So far so good, I was impressed with what I saw and how transparent Vital Farms was being with us. I am part of the “press”, I could easily tell a very different story if things were not so awesome. While I was packing eggs and learning about the “smart” barns that measure temperature, feed levels, water levels, ventilation and many other things other members of the tour were going two by two into the part of the barn where the chickens are kept safe. As they exited, they were all smiles and even boasting of being able to hold one of the “girls on grass” which is the loving term Vital Farms uses for their hens.

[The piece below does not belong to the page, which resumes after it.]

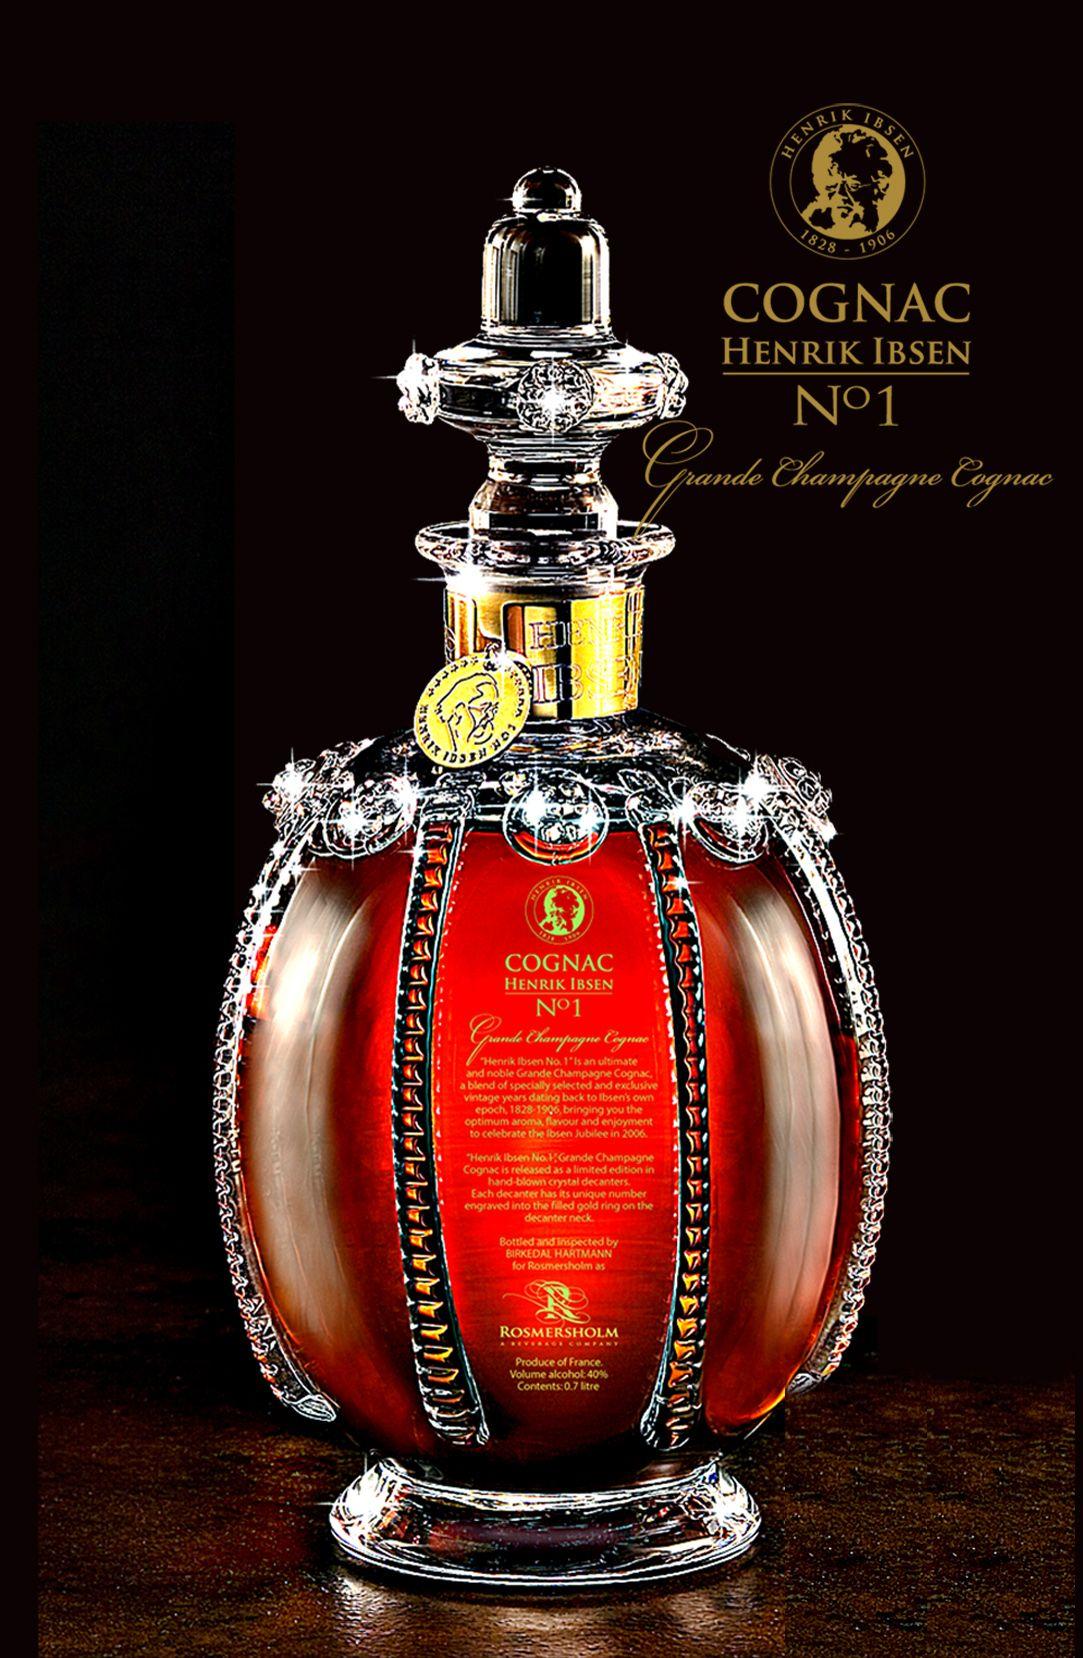 Cognac Alexander Valentino Via Leslie Sturdevant Onto Cognac Red Wine Champagne Cigars Liquor Bottles Alcohol Bottles Wine And Liquor

I was the last one to enter the barn. The smell was strong and took a moment to take in. The hens are farm animals after all, so I didn’t expect a red carpet and roses. There were still plenty of hens in the barn chatting, laying and feeding. This is what I love about this whole system, the hens get to do what they want when they want to do it. That even makes a human happy to live in those fantasy conditions and these hens are living in hen heaven on earth.
The girls are loud and chatty and even more so because there are three blue suit wearing humans in their barn. Also very curious. Now was my time to really get up close and personal with these Vital Farms girls. The farmer that gave us the tour gently picked up one of the beautiful brown hens and asked me if I wanted to hold her. YES! She was warm and soft and shiny. She acted as if she was enjoying our interactions. As I held her, more hens gathered at my feet, and I am pretty sure they were all jealous! I took a quick video and being curious she reached over and tried to give me a hen kiss…actually, she was attracted to my eyelashes and wanted to see if they were real. They are!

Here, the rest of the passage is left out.